WHAT YOU NEED TO DO:
Give an unaltered copy of the listing below, minus its pictures.

SOURCE DATA:
━━━━━━

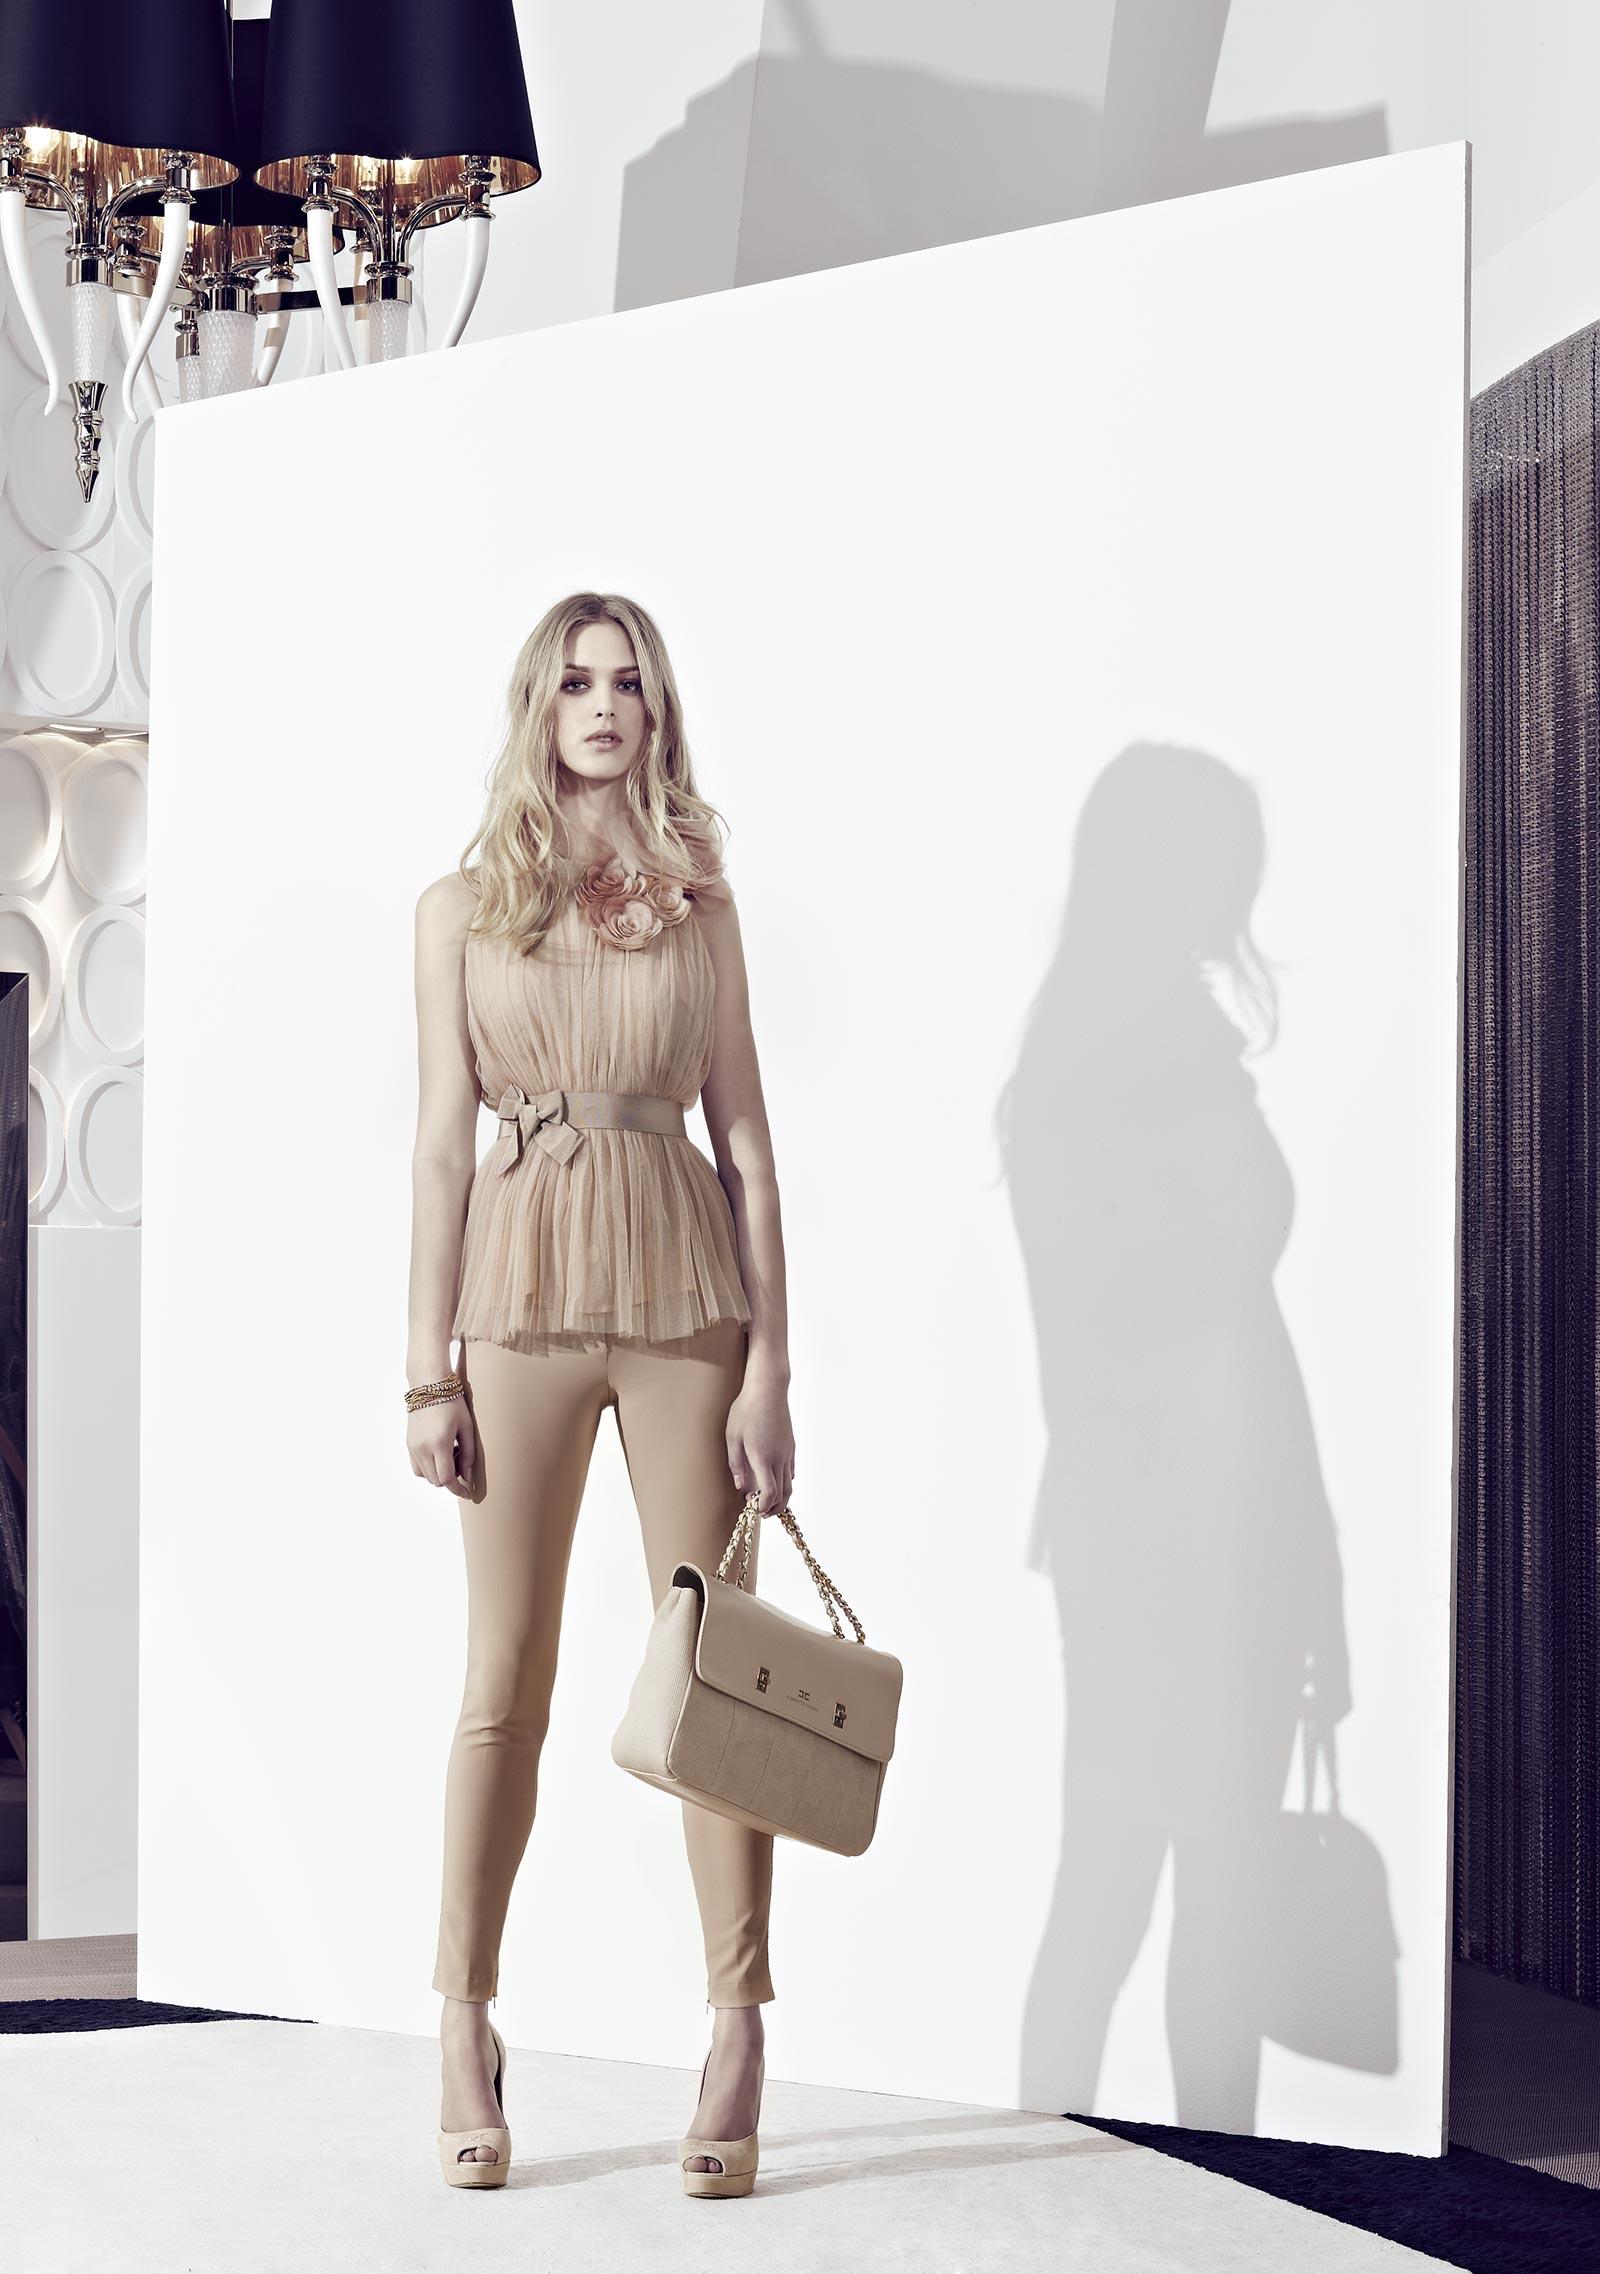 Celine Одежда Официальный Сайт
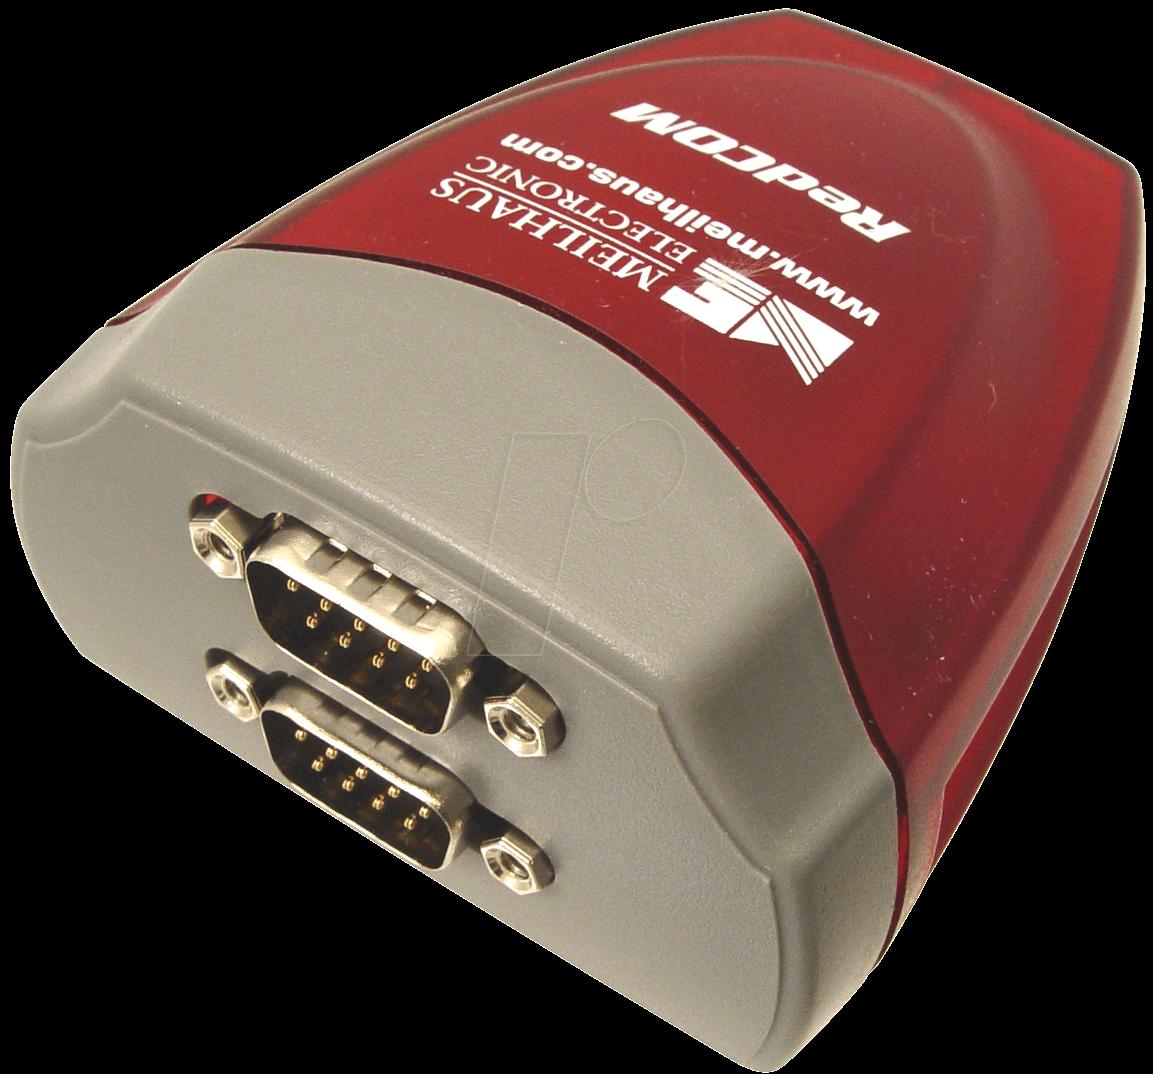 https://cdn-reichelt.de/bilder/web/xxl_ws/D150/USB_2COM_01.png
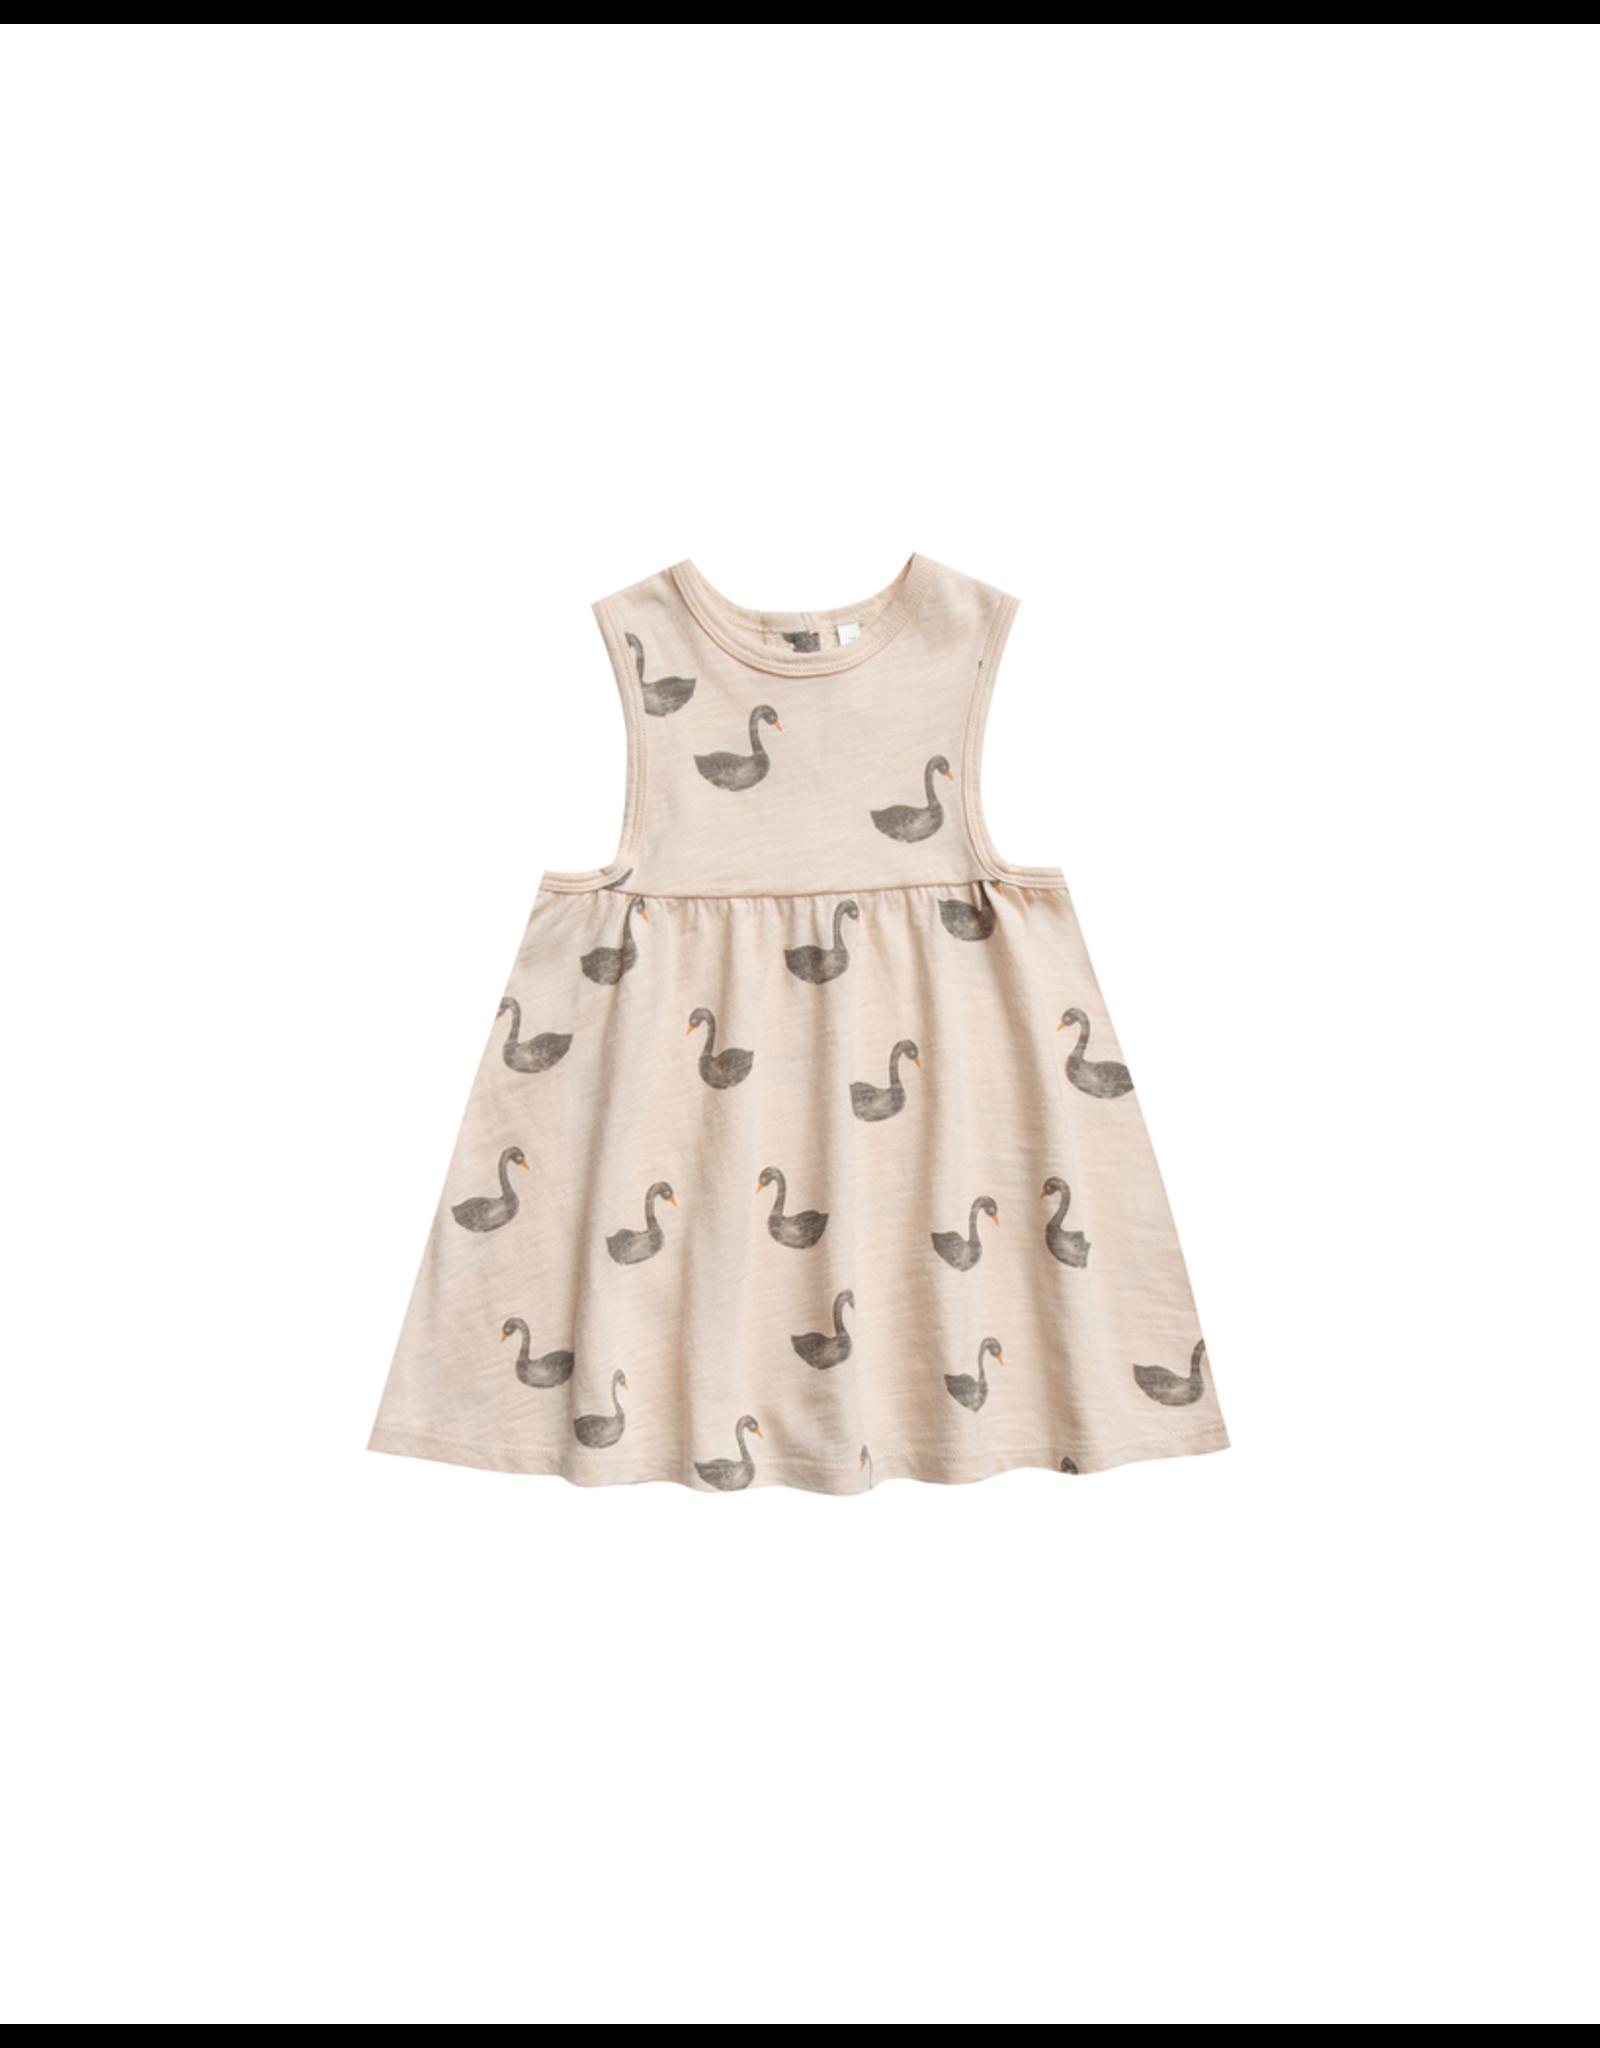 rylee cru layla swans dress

━━━━━━

EXPECTED ANSWER:
 Celine Одежда Официальный Сайт
 https://cdn-reichelt.de/bilder/web/xxl_ws/D150/USB_2COM_01.png
 rylee cru layla swans dress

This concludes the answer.